Yeah this hurt. When I became homeless I ended up vanishing from everything. Had no Internet access or anything. Was just gone. Always checked in with people. Was there when needed and then I can’t contact anyone for a month. I was worried about my friends and worried they were worried about me and that I couldn’t tell them what was going on.
When I finally got access to the Internet to message people I realized no one had even noticed. No one messaged me asking where I was. No one checked in. No one did anything. I sent a couple people a message like “Hey hows it going?” and they’d respond with the usual. Really didn’t notice I was gone.
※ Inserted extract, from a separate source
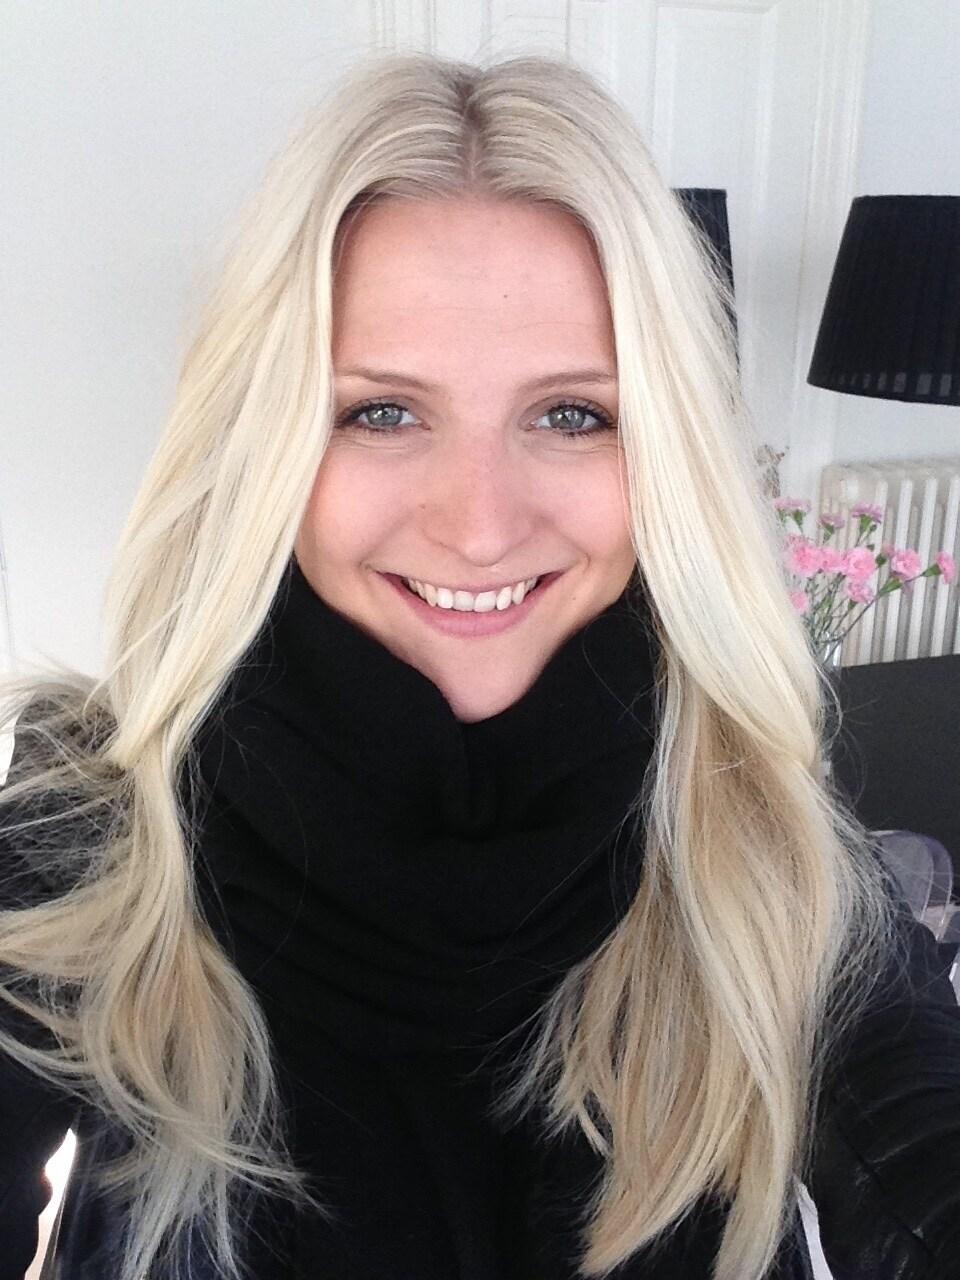 26 year old student from Copenhagen, Denmark.
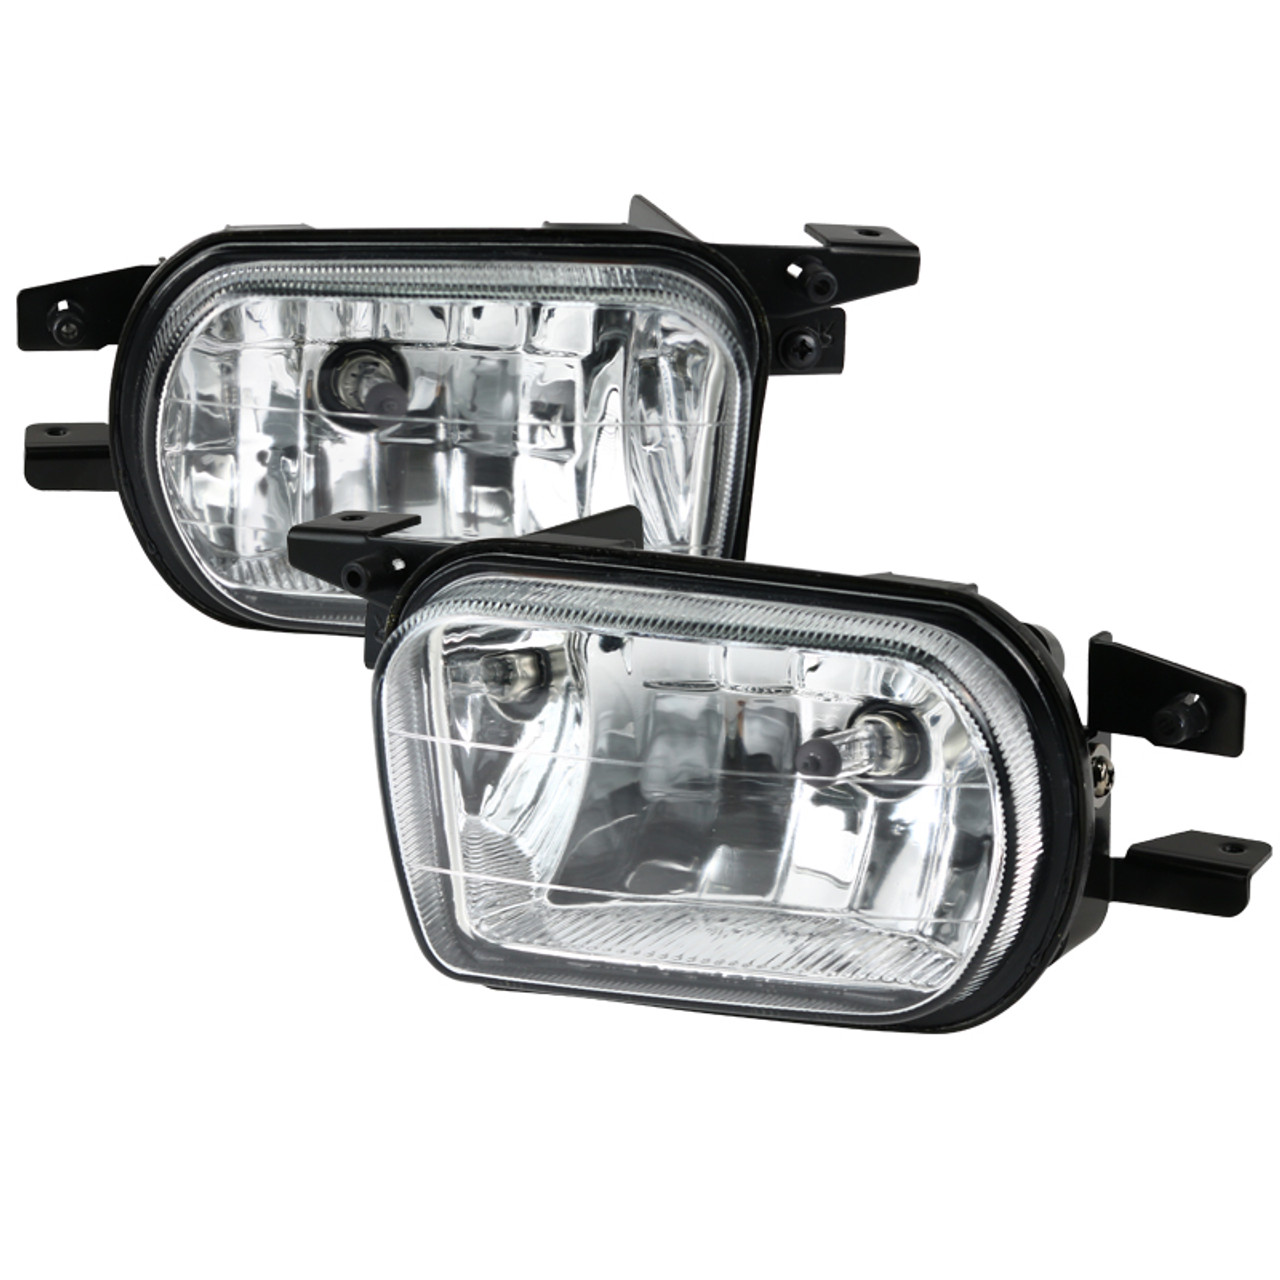 OE Replacement Fog Light Lens//Housing MERCEDES CL500 2001-2004

I ended up logging back out of all of it. Didn’t login again until a year later when I was in a homeless shelter trying to figure things out.
One person messaged me.
They were asking if I could share Netflix with them.
I deleted my accounts. Have a hard time trusting people and making friends noe not like childhood abuse from my mother made it easy. How do you believe people care when your parents don’t and when the people you loved didnt?
Happy Holidays. I’m spending mine in bed.
My antidepressant made me want to do serious harm to people and myself out of rejection.
That is why Im starting to realize filling the void is non-negotiable. Your body can have a passive drooling coping method, or you can be naturally or artificially flipped to become a raging maniac or vice versa.
Actually having even the chance of getting rid of it goes heavily into neuroplasticity territory. You need the artificial methods like MDMA therapy to ever have a chance of untangling immutable childhood wiring.